Column Selections¶
Use select()
for basic column selection.
DataFusion can work with several file types, to start simple we can use a subset of the TLC Trip Record Data, which you can download here.
In [1]: from datafusion import SessionContext
In [2]: ctx = SessionContext()
In [3]: df = ctx.read_parquet("yellow_tripdata_2021-01.parquet")
In [4]: df.select("trip_distance", "passenger_count")
Out[4]:
DataFrame()
+---------------+-----------------+
| trip_distance | passenger_count |
+---------------+-----------------+
| 2.1 | 1.0 |
| 0.2 | 1.0 |
| 14.7 | 1.0 |
| 10.6 | 0.0 |
| 4.94 | 1.0 |
| 1.6 | 1.0 |
| 4.1 | 1.0 |
| 5.7 | 1.0 |
| 9.1 | 1.0 |
| 2.7 | 2.0 |
+---------------+-----------------+
For mathematical or logical operations use col()

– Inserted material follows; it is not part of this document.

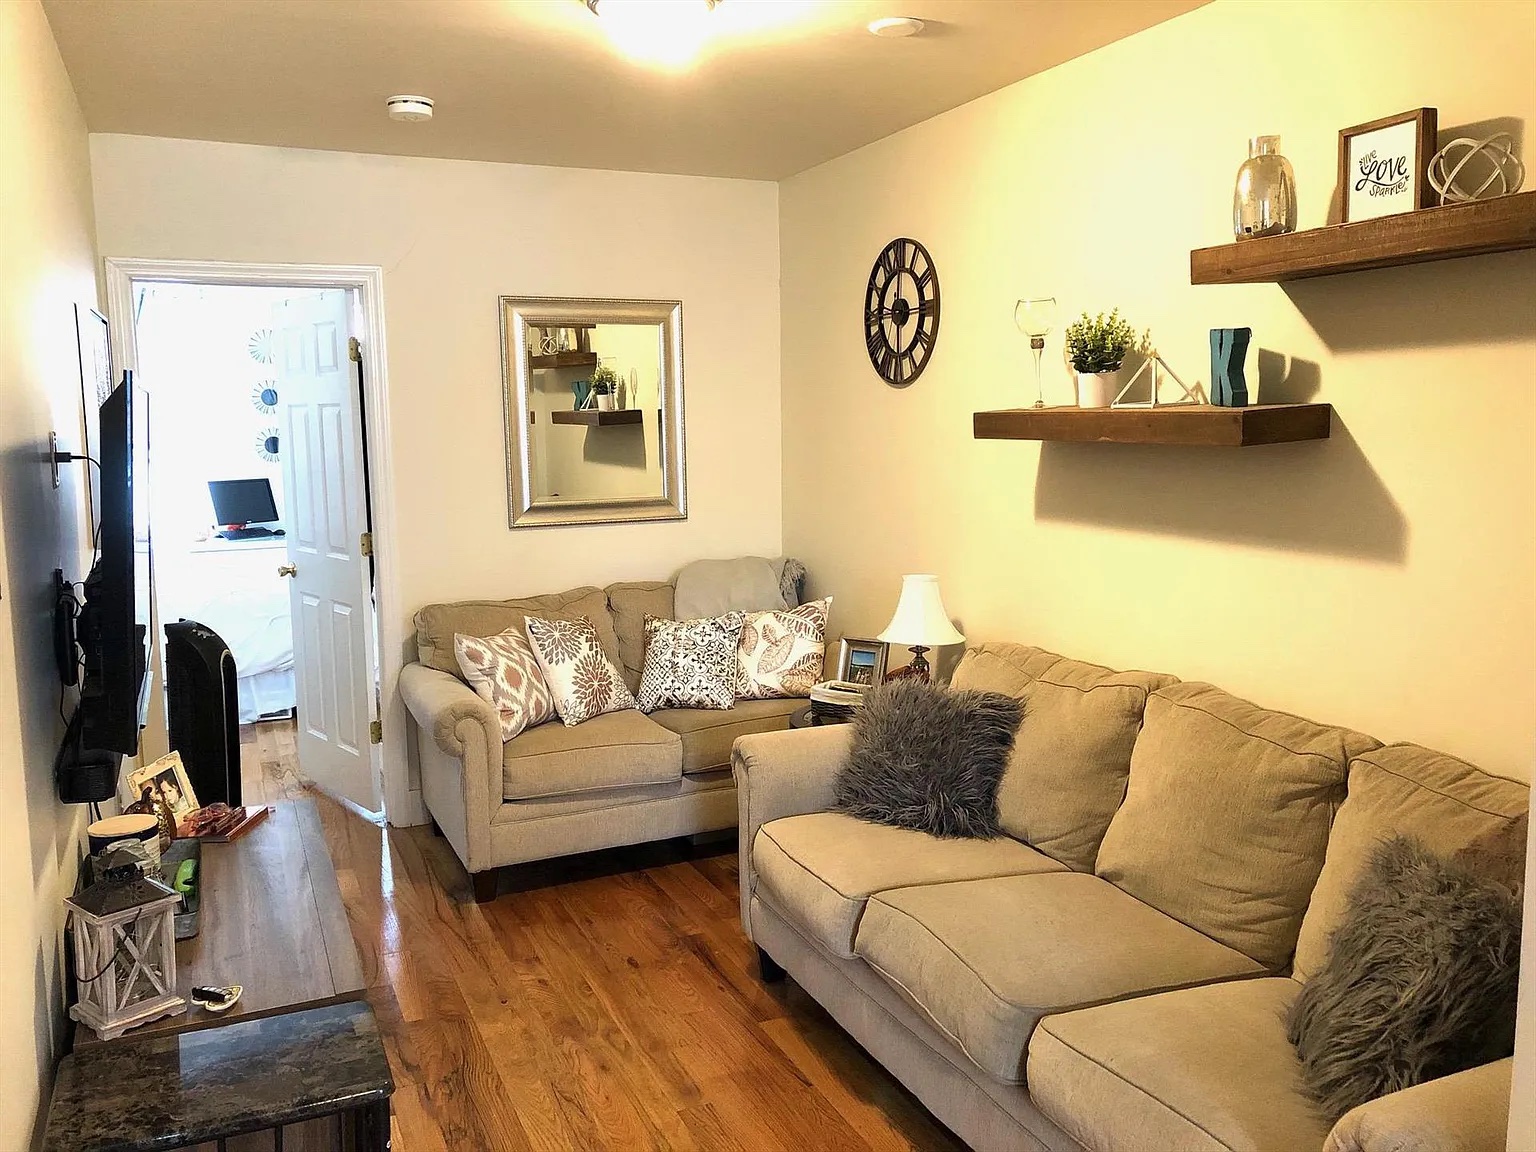 Spacious 1 bedroom layout in Midtown Hoboken! This unit features large bedroom & hardwood floors. This unit will not last! Available June 1st. Broker fee is 10% of annual rent. No pets.

to select columns, and give meaningful names to the resulting
operations using alias()
In [5]: from datafusion import col, lit
In [6]: df.select((col("tip_amount") + col("tolls_amount")).alias("tips_plus_tolls"))
Out[6]:
DataFrame()
+-----------------+
| tips_plus_tolls |
+-----------------+
| 0.0 |
| 0.0 |
| 8.65 |
| 6.05 |
| 4.06 |
| 2.35 |
| 0.0 |
| 0.0 |
| 0.0 |
| 3.15 |
+-----------------+
Warning
Please be aware that all identifiers are effectively made lower-case in SQL, so if your file has capital letters
(ex: Name) you must put your column name in double quotes or the selection won’t work. As an alternative for simple
column selection use select()
without double quotes
For selecting columns with capital letters use '"VendorID"'
In [7]: df.select(col('"VendorID"'))
Out[7]:
DataFrame()
+----------+
| VendorID |
+----------+
| 1 |
| 1 |
| 1 |
| 1 |
| 2 |
| 1 |
| 1 |
| 1 |
| 1 |
| 1 |
+----------+
To combine it with literal values use the lit()
In [8]: large_trip_distance = col("trip_distance") > lit(5.0)
In [9]: low_passenger_count = col("passenger_count") < lit(4)
In [10]: df.select((large_trip_distance & low_passenger_count).alias("lonely_trips"))
Out[10]:
DataFrame()
+--------------+
| lonely_trips |
+--------------+
| false |
| false |
| true |
| true |
| false |
| false |
| false |
| true |
| true |
| false |
+--------------+